Problem statement =
Every line below needs to be transcribed without alteration, and no image may be carried over.

Data below =

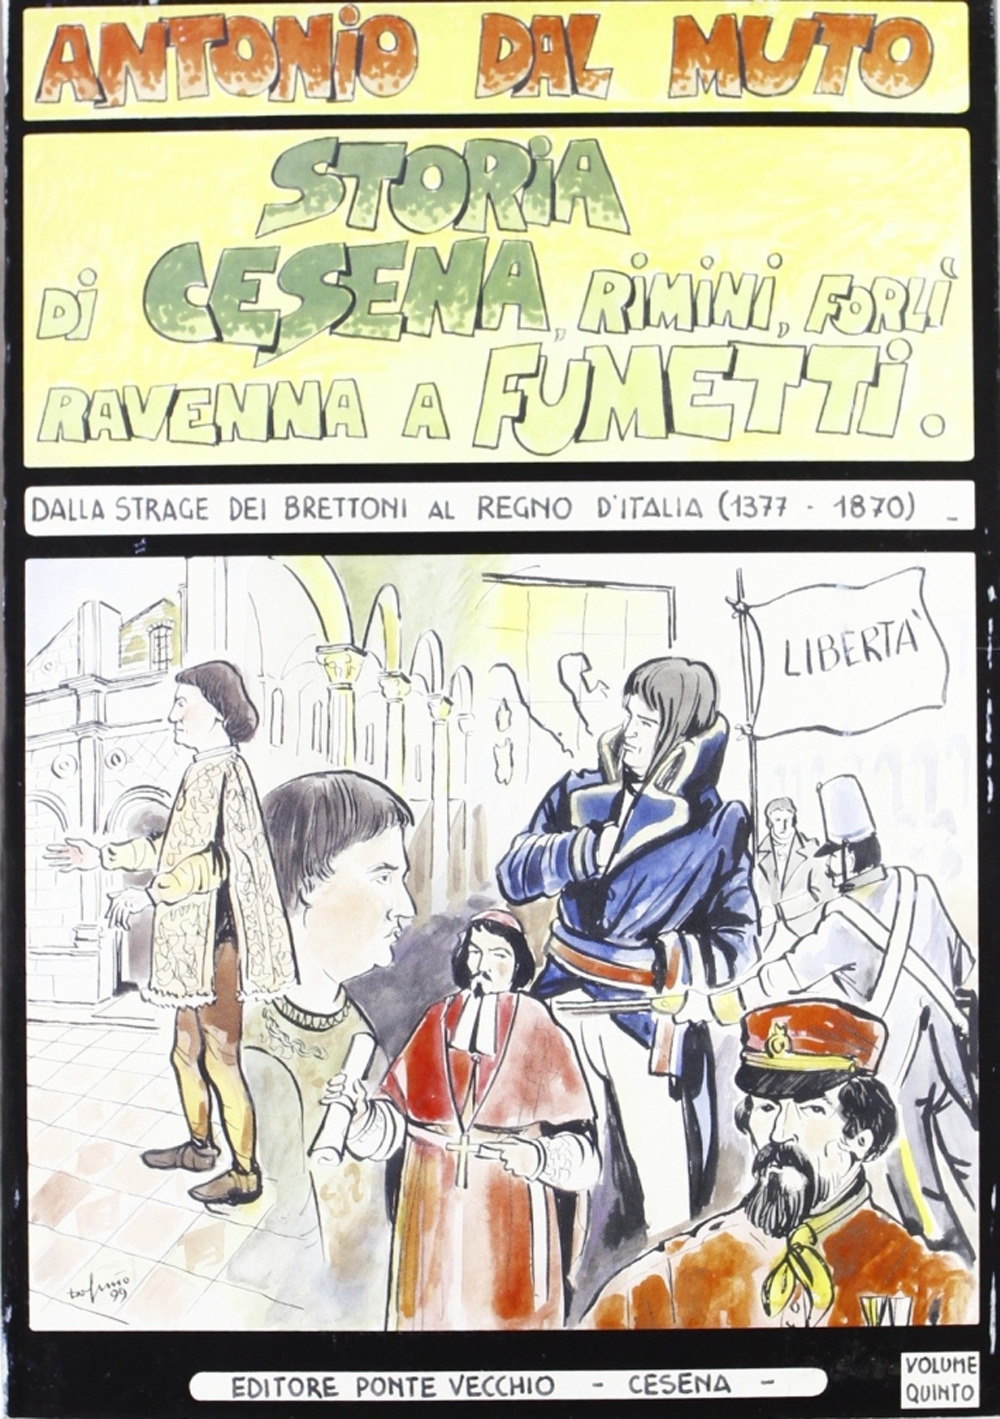 Storia di Cesena, Rimini, Ravenna, Forlì a fumetti. Vol. 5
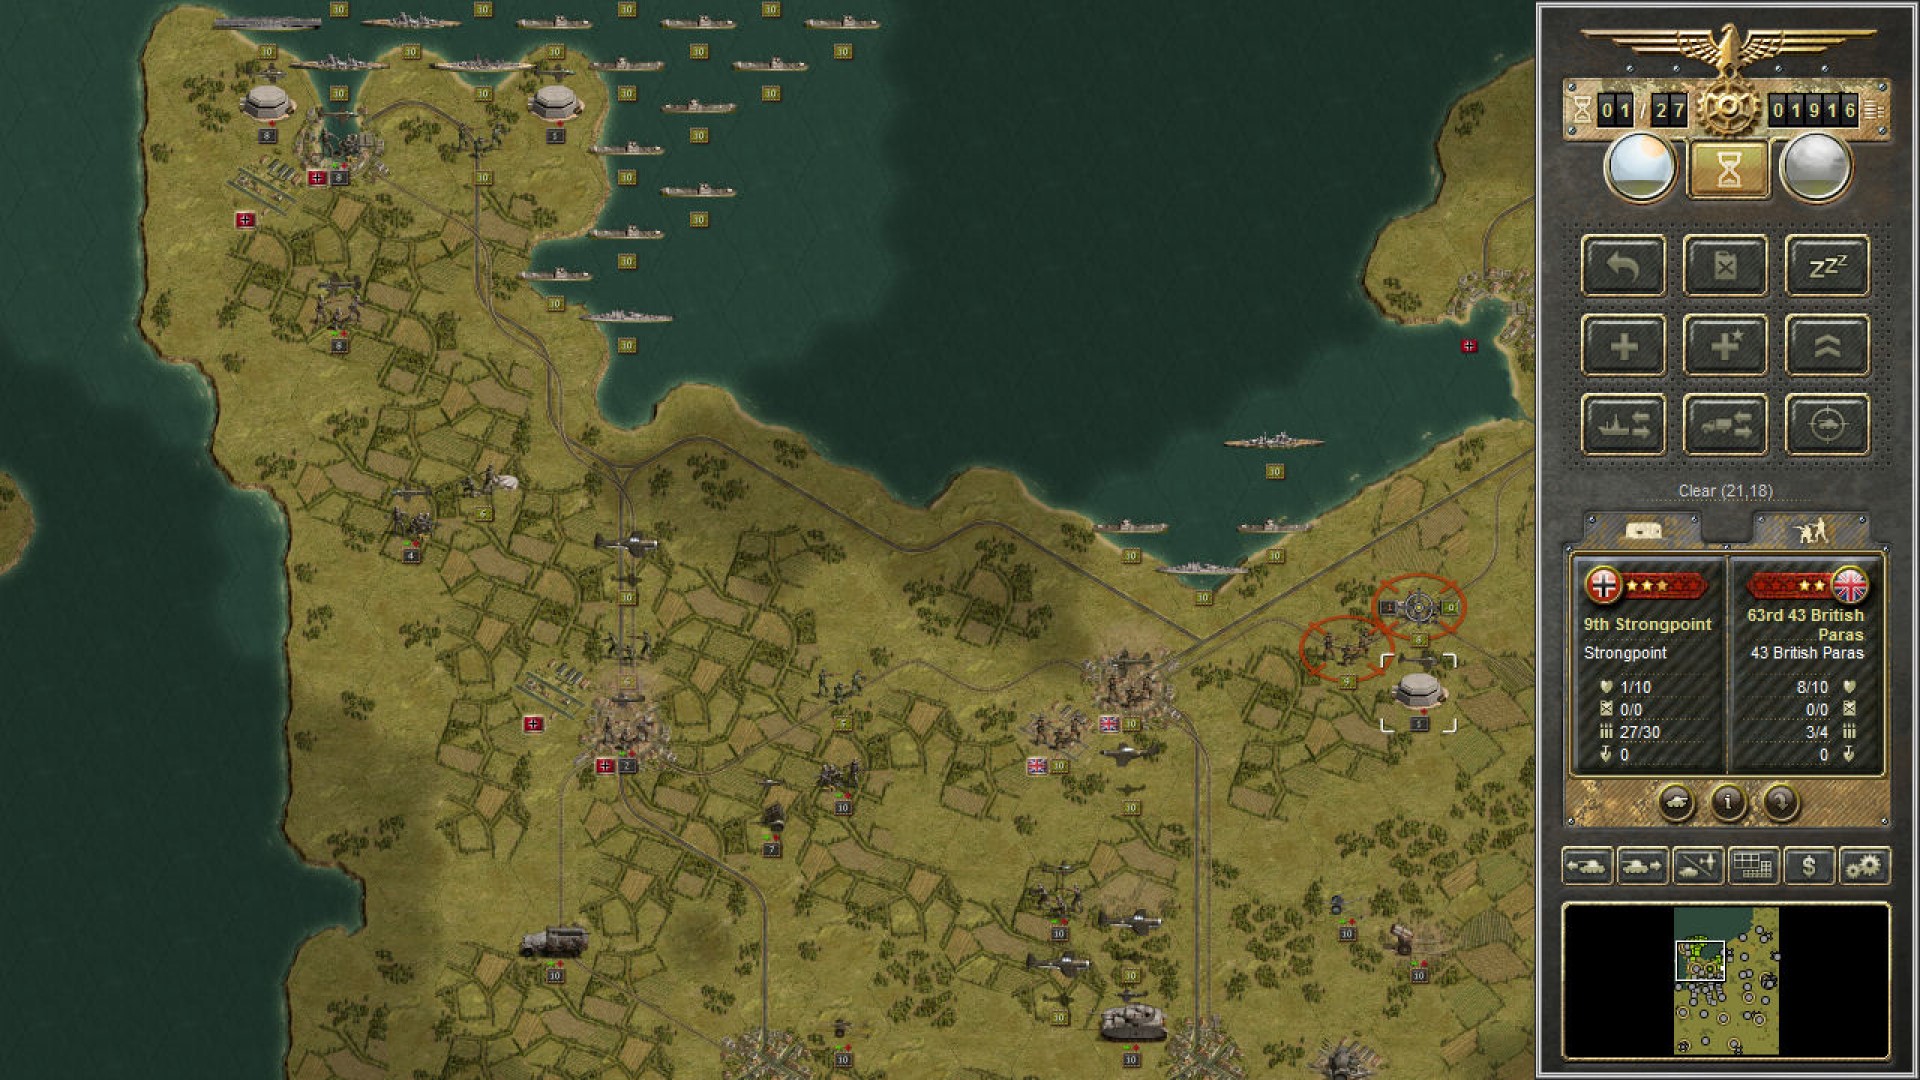 بهترین بازی های جنگی موبایل: سپاه Panzer. تصویر نقشه ای را با واحدهای مختلف نظامی که در سراسر ITT پخش شده است نشان می دهد
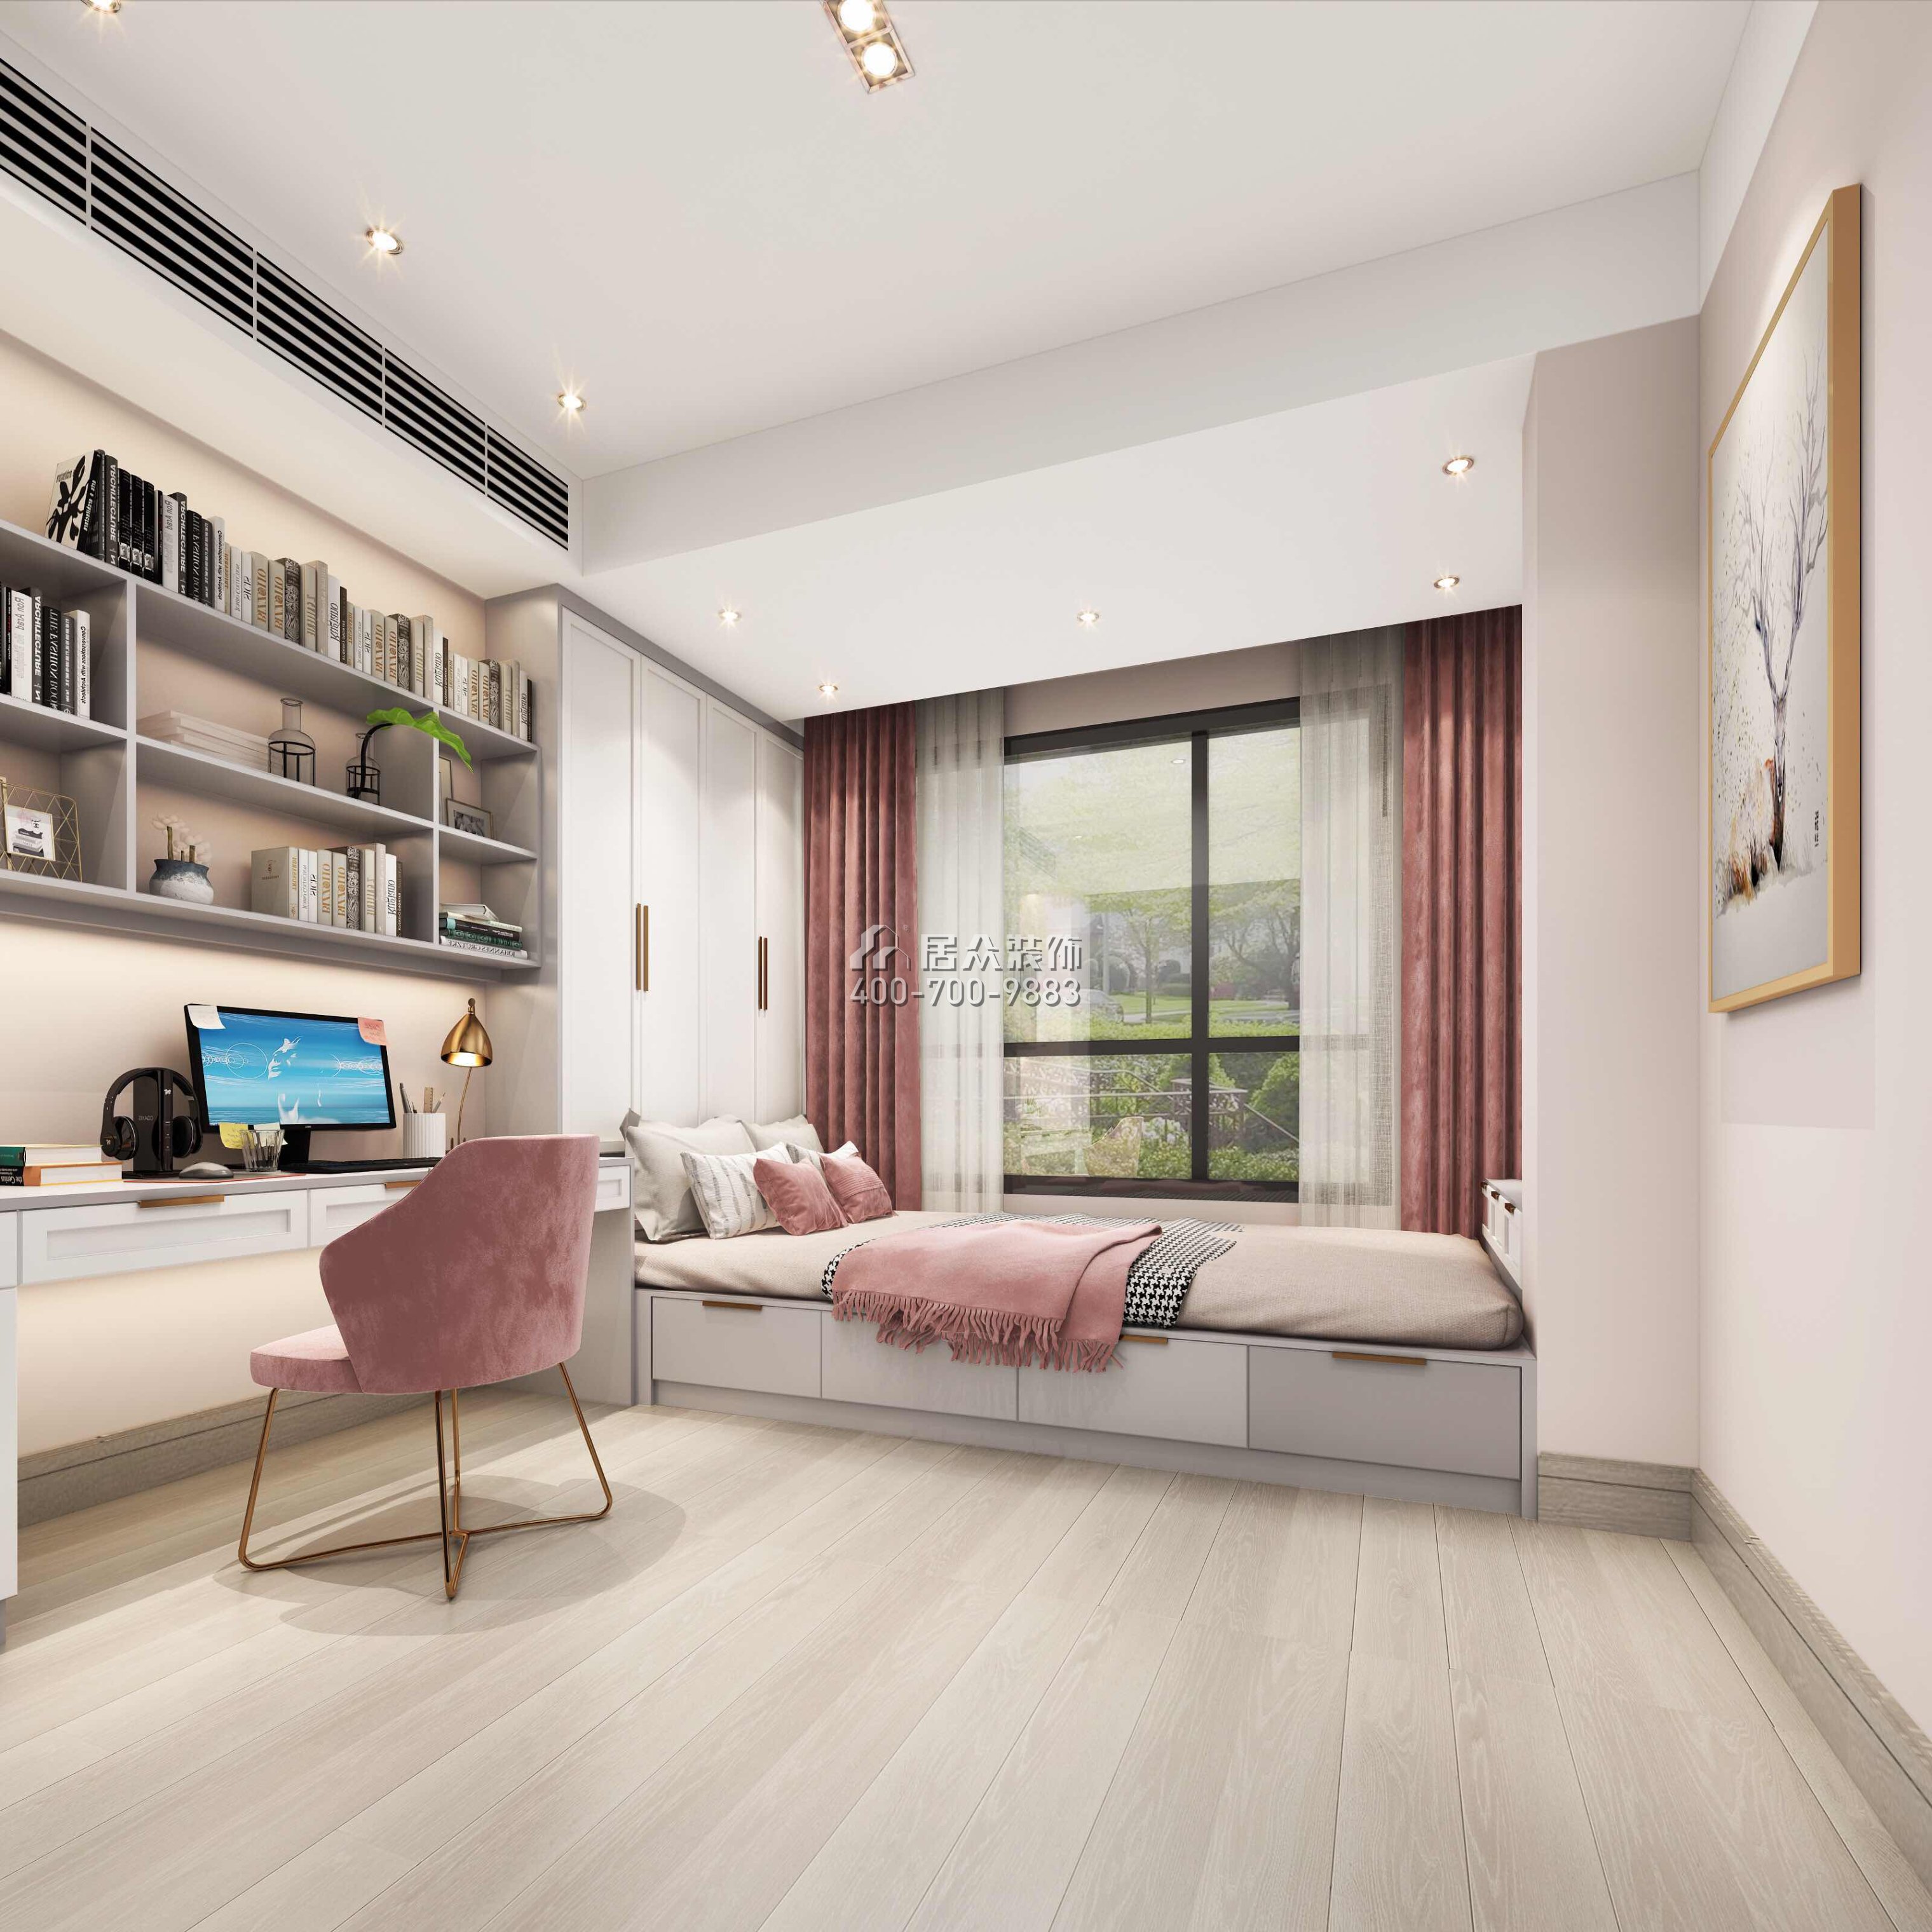 达鑫江滨新城250平方米现代简约风格平层户型卧室书房一体装修效果图

Exercise answer =
 Storia di Cesena, Rimini, Ravenna, Forlì a fumetti. Vol. 5
 بهترین بازی های جنگی موبایل: سپاه Panzer. تصویر نقشه ای را با واحدهای مختلف نظامی که در سراسر ITT پخش شده است نشان می دهد
 达鑫江滨新城250平方米现代简约风格平层户型卧室书房一体装修效果图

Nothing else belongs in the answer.